I think the simplest argument to “caring a little” is that there is a difference between “caring a little” and “caring enough”. Let’s say that AI is ready to pay 1$ for your survival. If you live in economy which rapidly disassembles Earth into Dyson swarm, oxygen, protected environment and food are not just stuff lying around, they are complex expensive artifacts and AI is certainly not ready to pay for your O’Neil cylinder to be evacuated into and not ready to pay opportunity costs of not disassembling Earth, so you die.
The other case is difference “caring in general” and “caring ceteris paribus”. It’s possible for AI to prefer, all things equal, world with n+1 happy humans to the world with n happy humans. But really AI wants to implement some particular neuromorphic computation from human brain and, given ability to freely operate, it would tile the world with chips imitating part of human brain.
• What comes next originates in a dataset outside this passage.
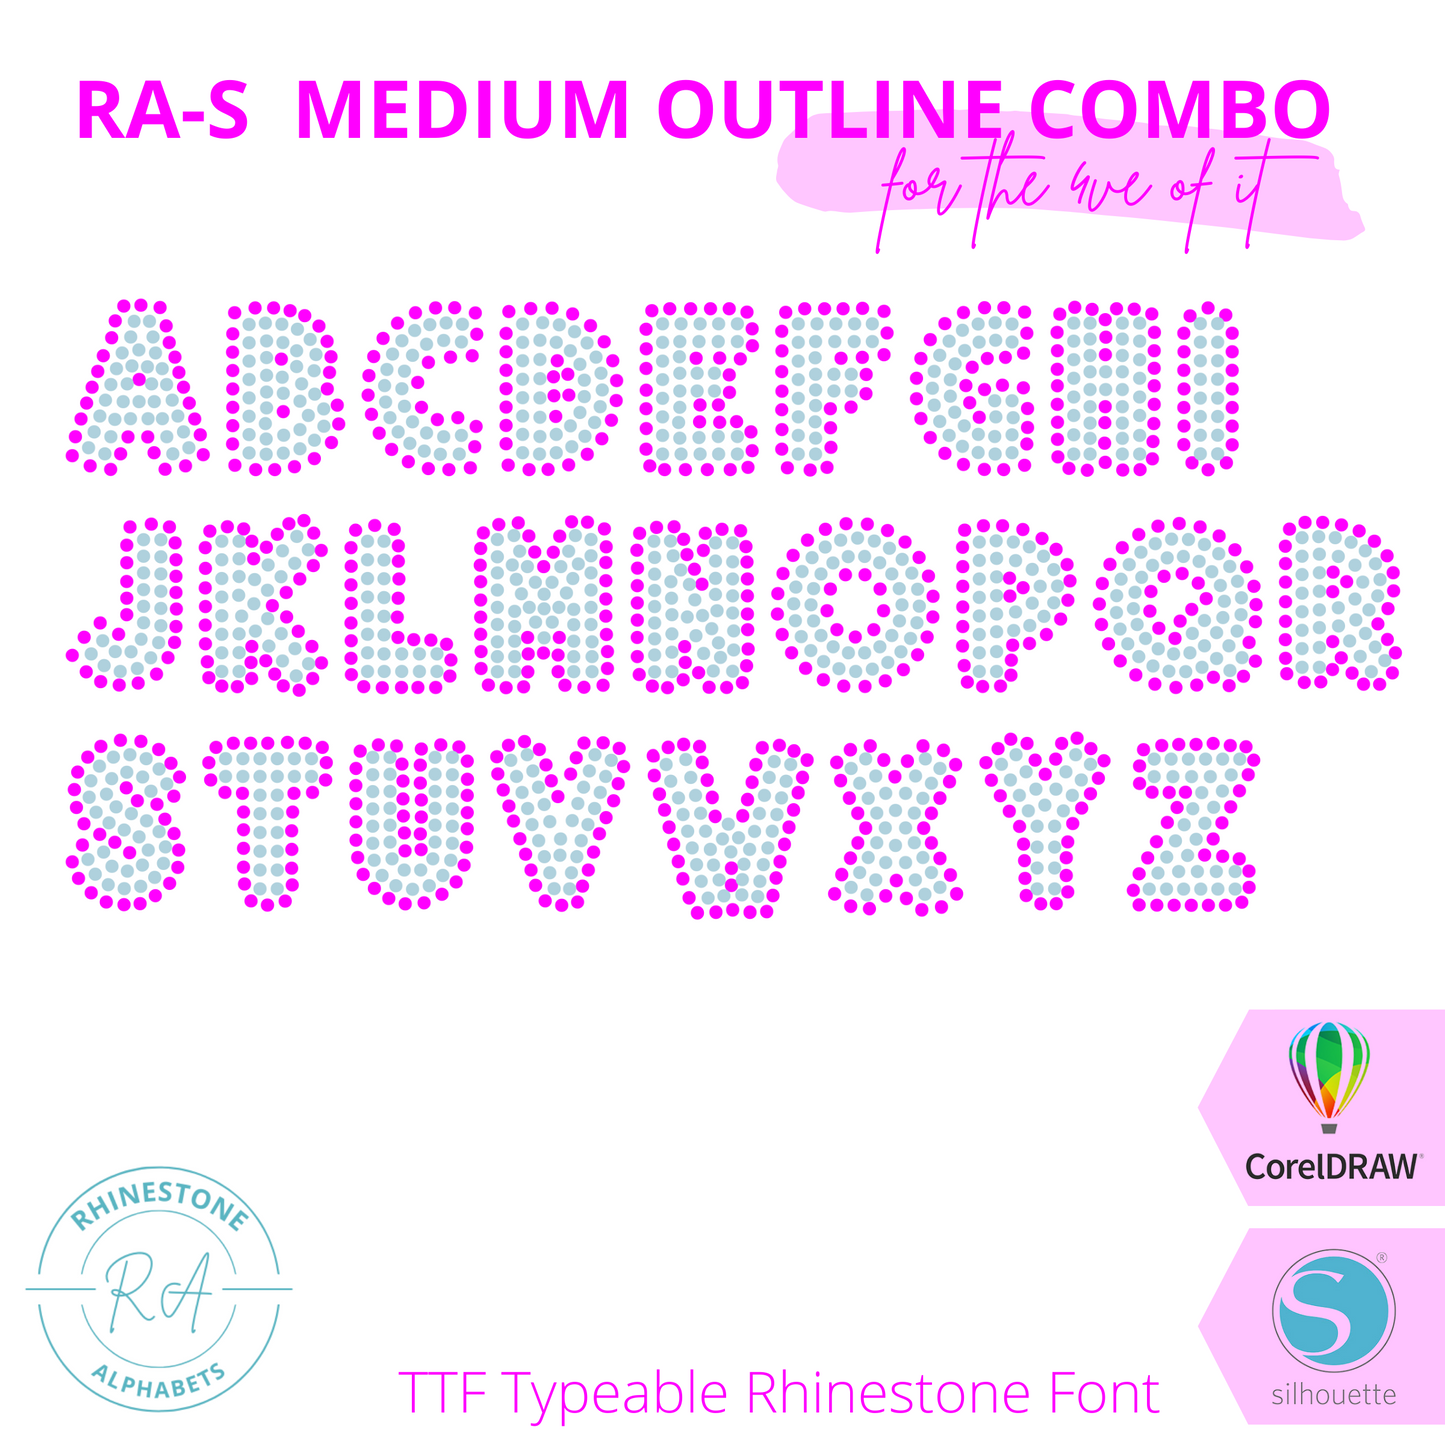 RA-S Medium Outline Combo - RhinestoneAlphabets
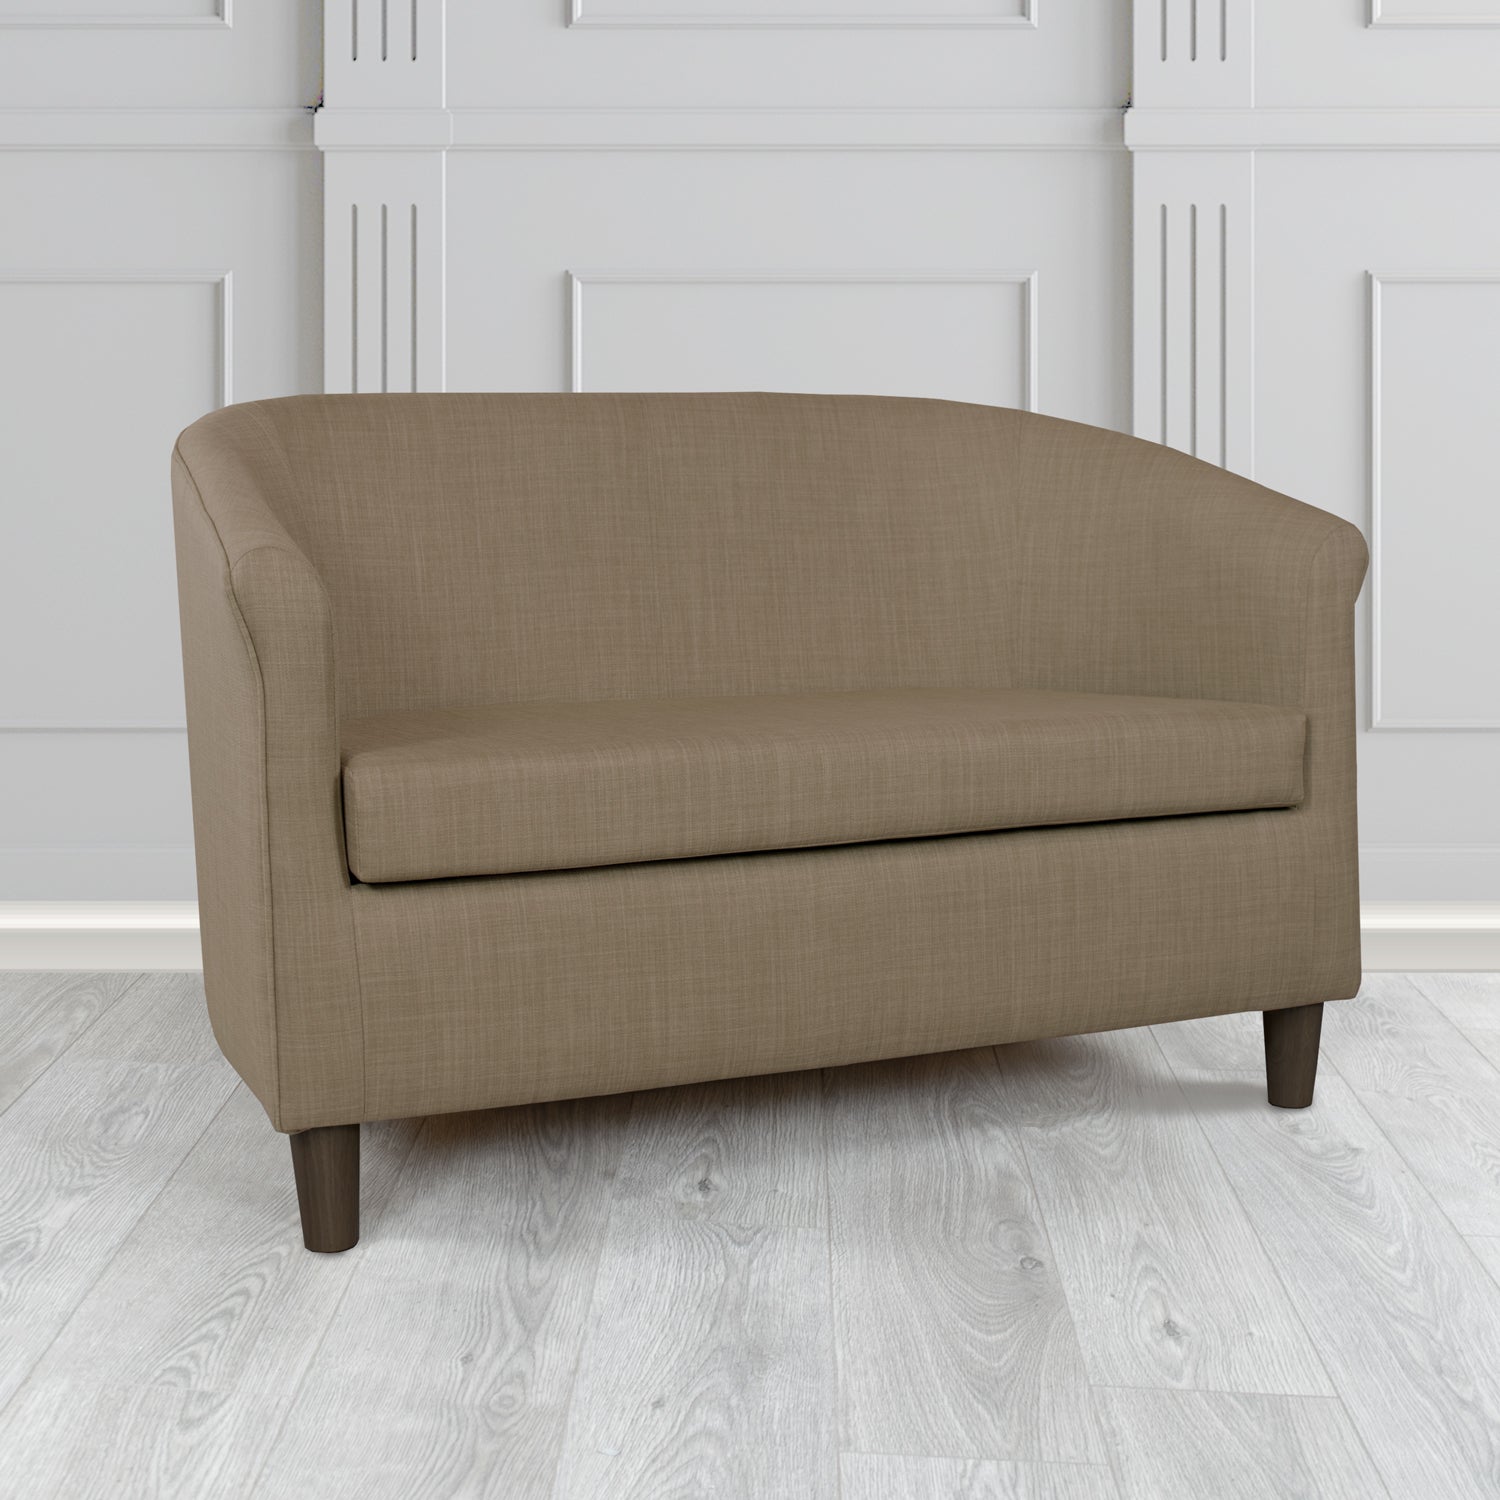 Tuscany Charles Nutmeg Plain Linen Fabric 2 Seater Tub Sofa - The Tub Chair Shop

It’s also not enough for there to be a force that makes the AI care a little about human thriving. It’s also necessary for this force to not make the AI care a lot about some extremely distorted version of you; as then we get into concepts like tiny molecular smiles, locking you in a pleasuredome, etc..
If you’re not supposed to end up as a pet of the AI, then it seems like it needs to respect property rights, but that is easier said than done when considering massive differences in ability. Consider: would we even be able to have a society where we respected property rights of dogs? It seems like it would be difficult. How could we confirm a transaction without the dogs being defrauded of everything?
Probably an intermediate solution would be to just accept humans will be defrauded of everything very rapidly but then give us universal basic income or something so our failures aren’t permanent setbacks. But it’s unclear how to respect the freedom of funding while preventing people from funding terrorists and not encouraging people to get lost in junk. That’s really where the issue of values becomes hard.
If you’re not supposed to end up as a pet of the AI, …
I don’t see how it falls out of human values that humans should not end up as pets of the AIs, given the hypothesis that we can make AIs that care enough about human thriving to take humans as pets, but we don’t know how to make AIs that care more than that. Looking at a couple of LessWrong theories of human value for illustrative purposes:
Godshatter
Yudkowsky’s Godshatter theory requires petness to be negative for reproductive fitness in the evolutionary environment to a sufficient degree to be DNA-encoded as aversive. There have not been evolutionary opportunities for humans to be pets of AIs, so this would need to come in via extrapolation from humans being “pets” of much more powerful humans. But while being Genghis Khan is great for reproductive fitness, rebelling against Genghis Khan is terrible for reproductive fitness. I guess that optimal strategy is something like: “be best leader is best, follow best leader is good, follow other leader is bad, be other leader is worst”. When AIs block off “be best leader”, following an AI executes that strategy.
Maybe there’s a window where DNA can encode “be leader is good” but cannot encode the more complex strategy, and the simple strategy is on net good because of Genghis Khan and a few others. This seems unlikely to me, it’s a small window. More probable to me is that DNA can’t encode this stuff at all, and Godshatter theory is largely false outside of basic things like sweetness being sweet.
Maybe being an AI’s pet is a badwrongfun superstimulus. Yudkowsky argues that a superstimulus can be bad, despite super-satisfying a human value, because it conflicts with other values, including instrumental values. But that’s an argument from consequences, not values. Just because donuts are unhealthy doesn’t mean that I don’t value sweet treats.
Shard Theory
Pope’s Shard Theory implies that different humans have different values around petness based on formative experiences. Most humans have formative experiences of being raised by powerful agents known as “parents”. Therefore we expect a mixture of positive and negative shards around petness. Seems to me that positive shards should be more common, but experiences vary.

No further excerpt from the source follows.